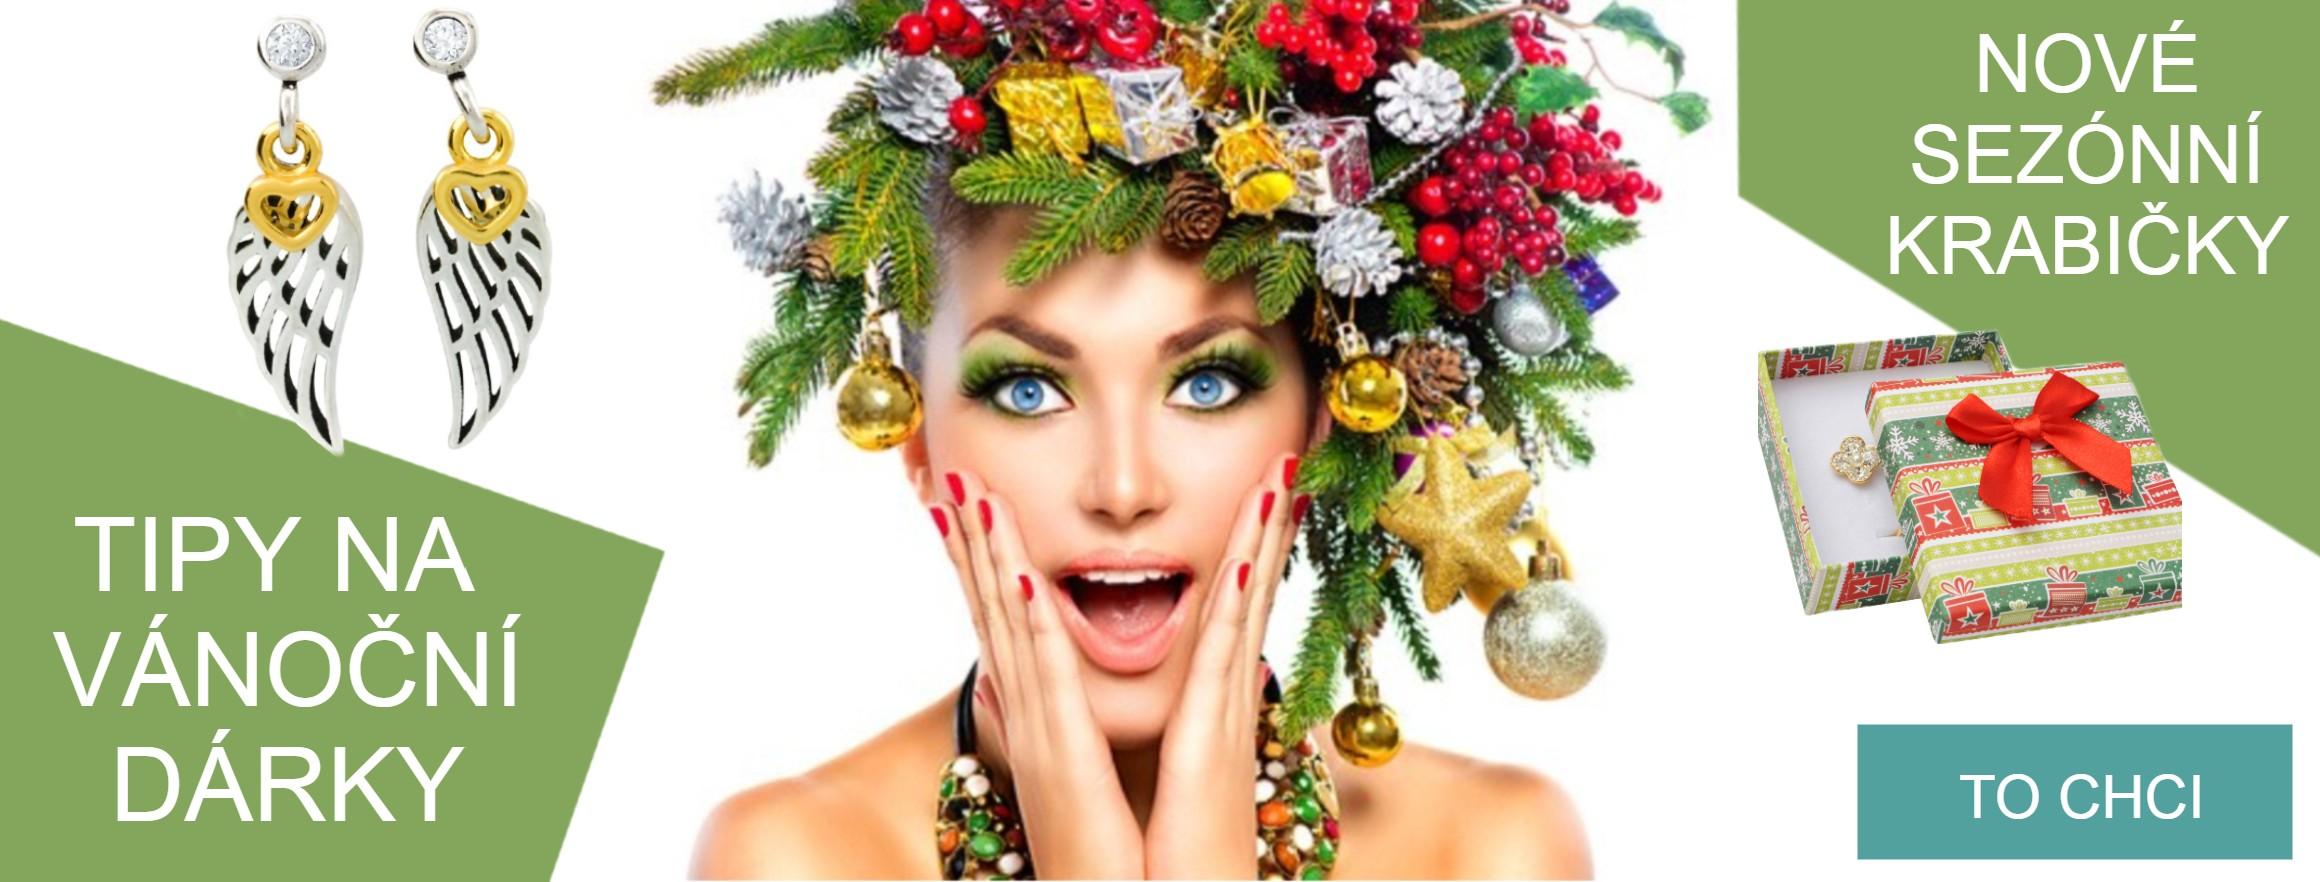 Tipy na vánoční dárky: Šperky a sezónní krabičky
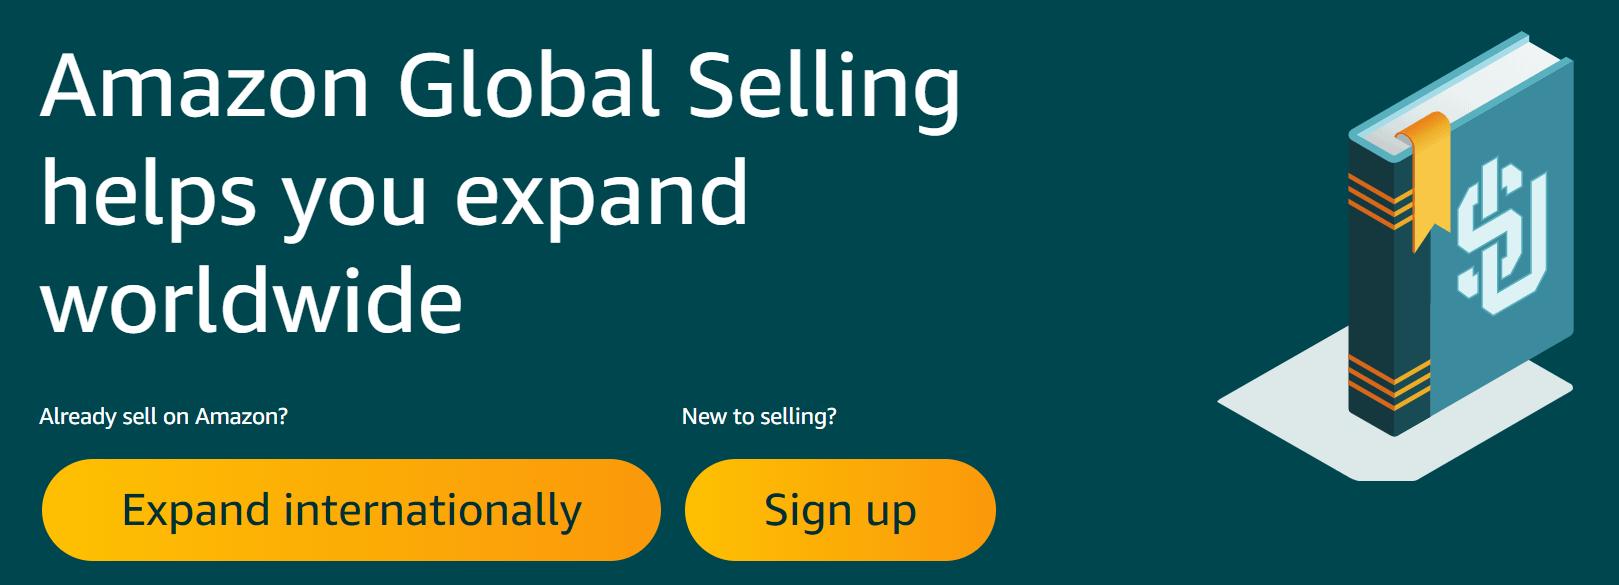 amazon-global-selling
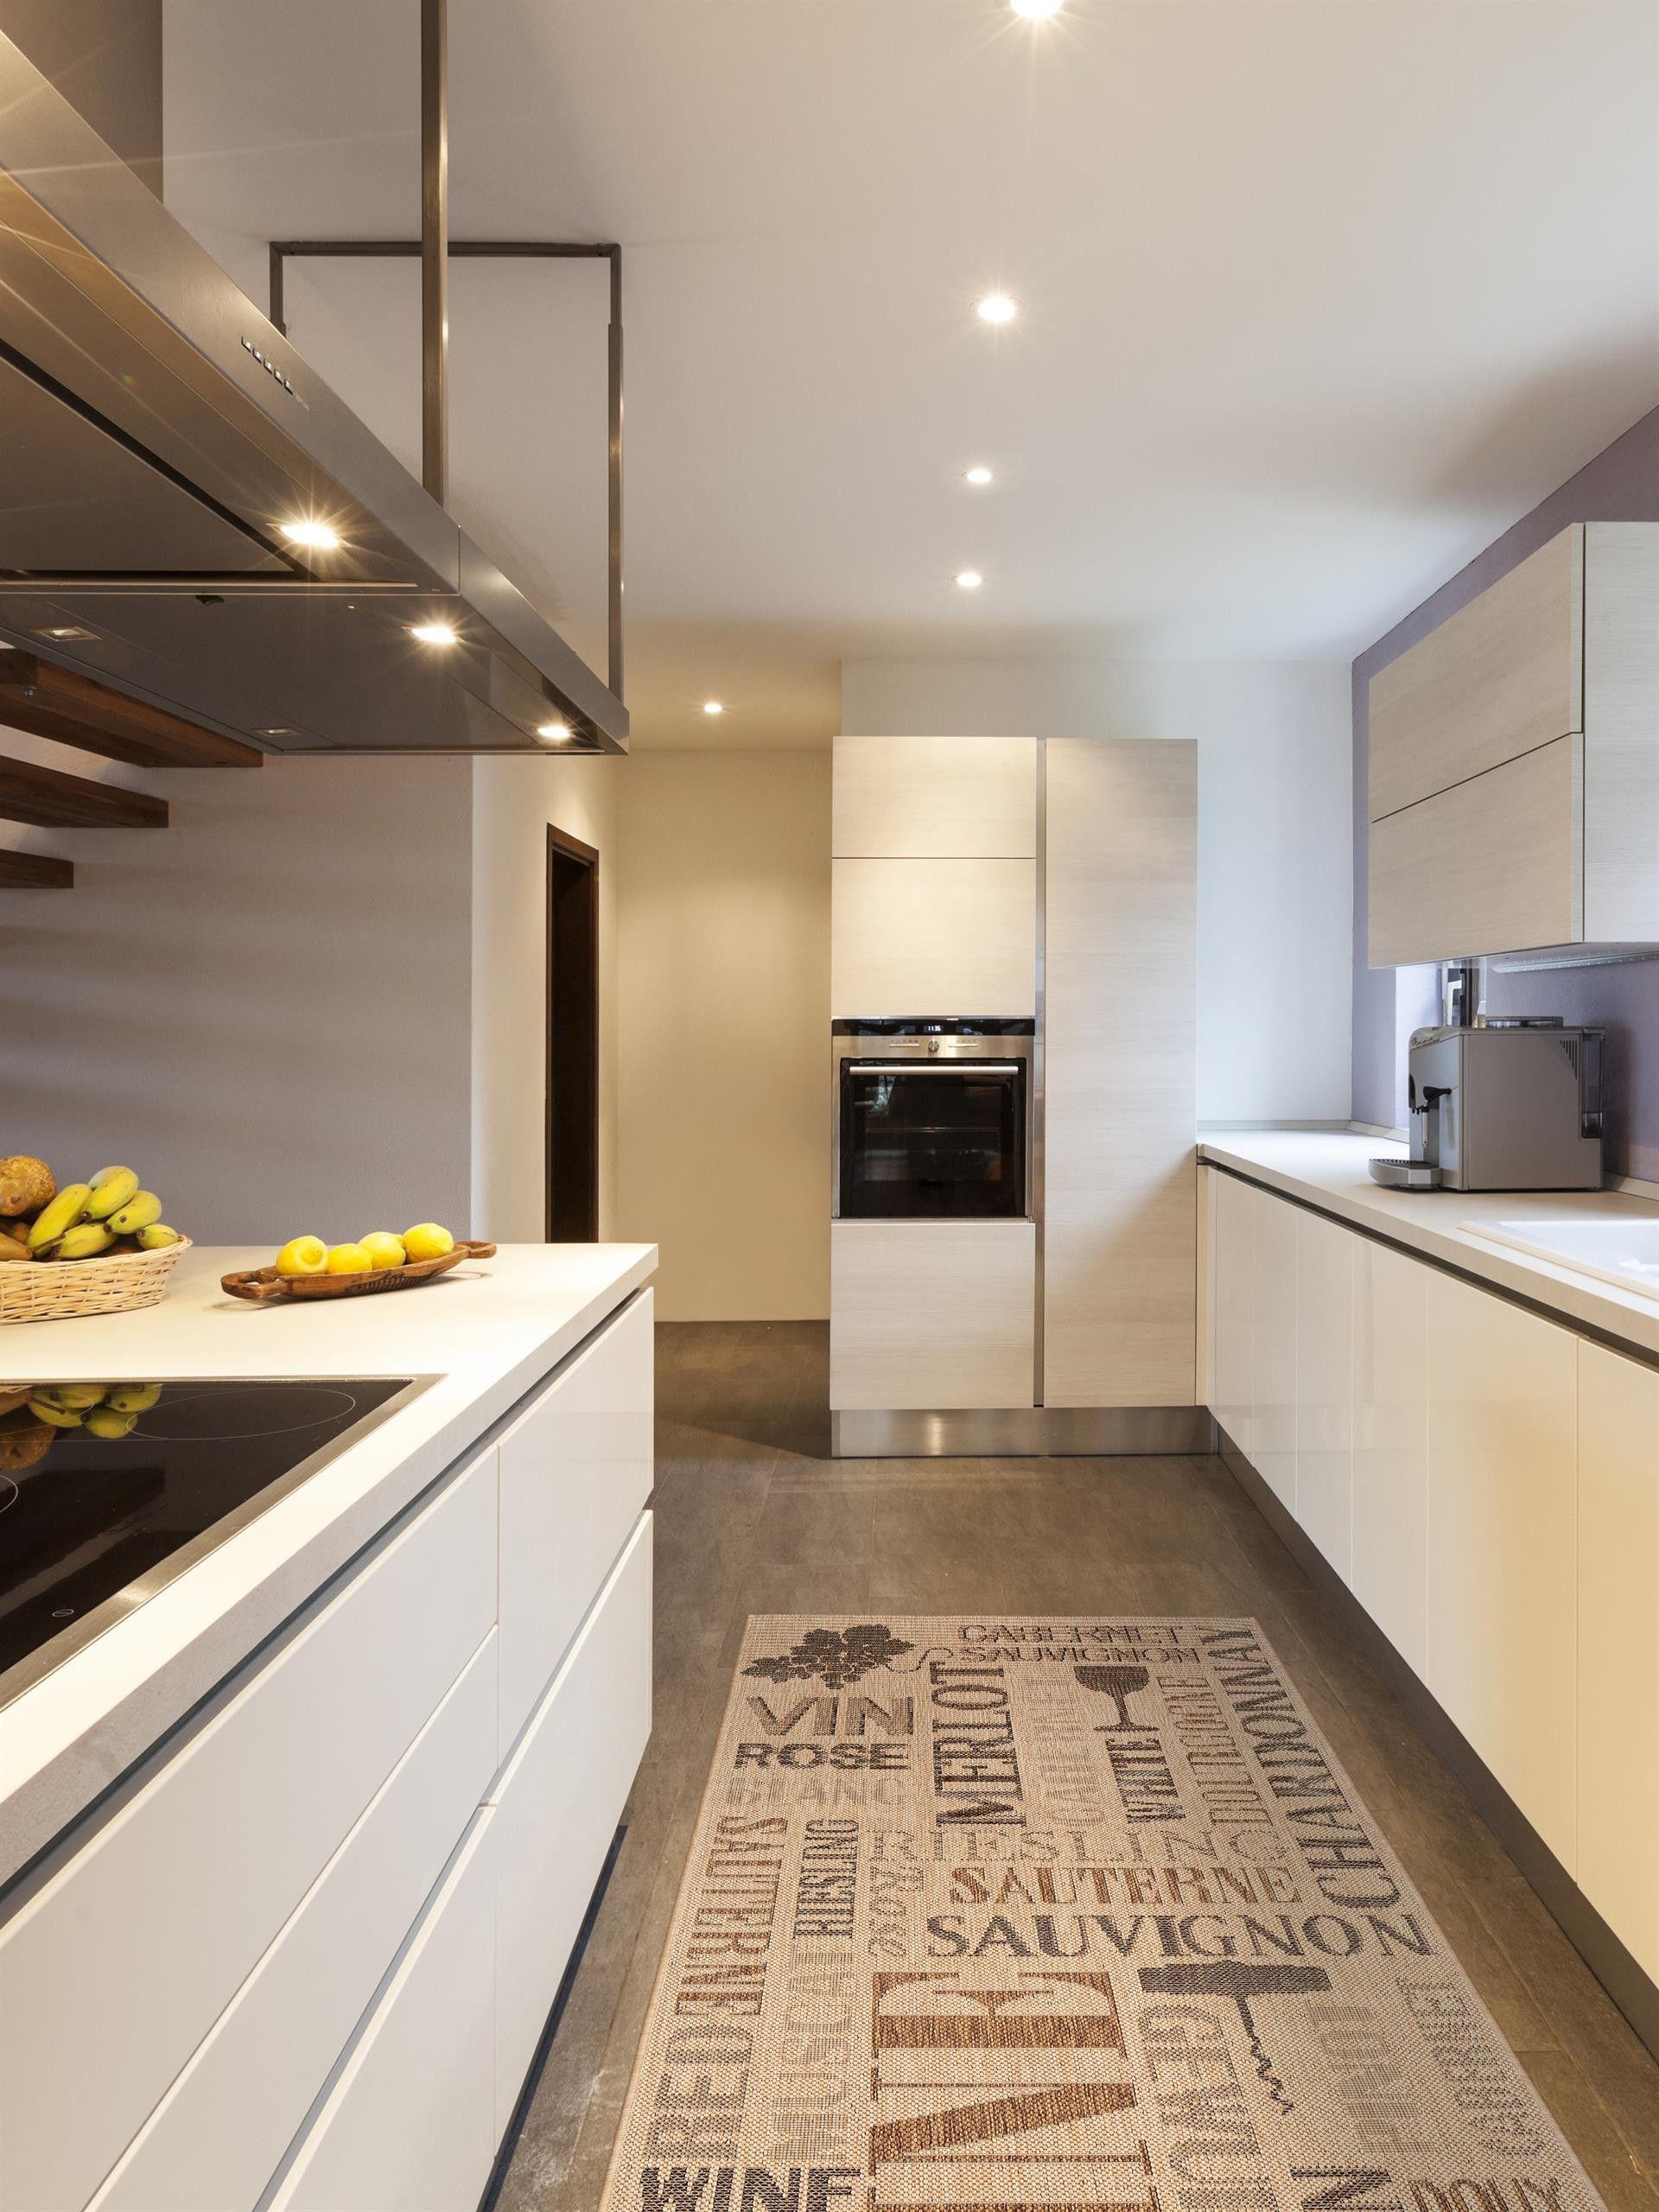 Full Size of Küchenläufer Ikea Kchenlufer Kitchen Beige In 2020 Kchen Design Modulküche Küche Kosten Sofa Mit Schlaffunktion Miniküche Kaufen Betten Bei 160x200 Wohnzimmer Küchenläufer Ikea
....................
_Work required:_ Pictures aside, give the data again exactly as it appears.

_Task answer:_
 Tipy na vánoční dárky: Šperky a sezónní krabičky
 amazon-global-selling
 Full Size of Küchenläufer Ikea Kchenlufer Kitchen Beige In 2020 Kchen Design Modulküche Küche Kosten Sofa Mit Schlaffunktion Miniküche Kaufen Betten Bei 160x200 Wohnzimmer Küchenläufer Ikea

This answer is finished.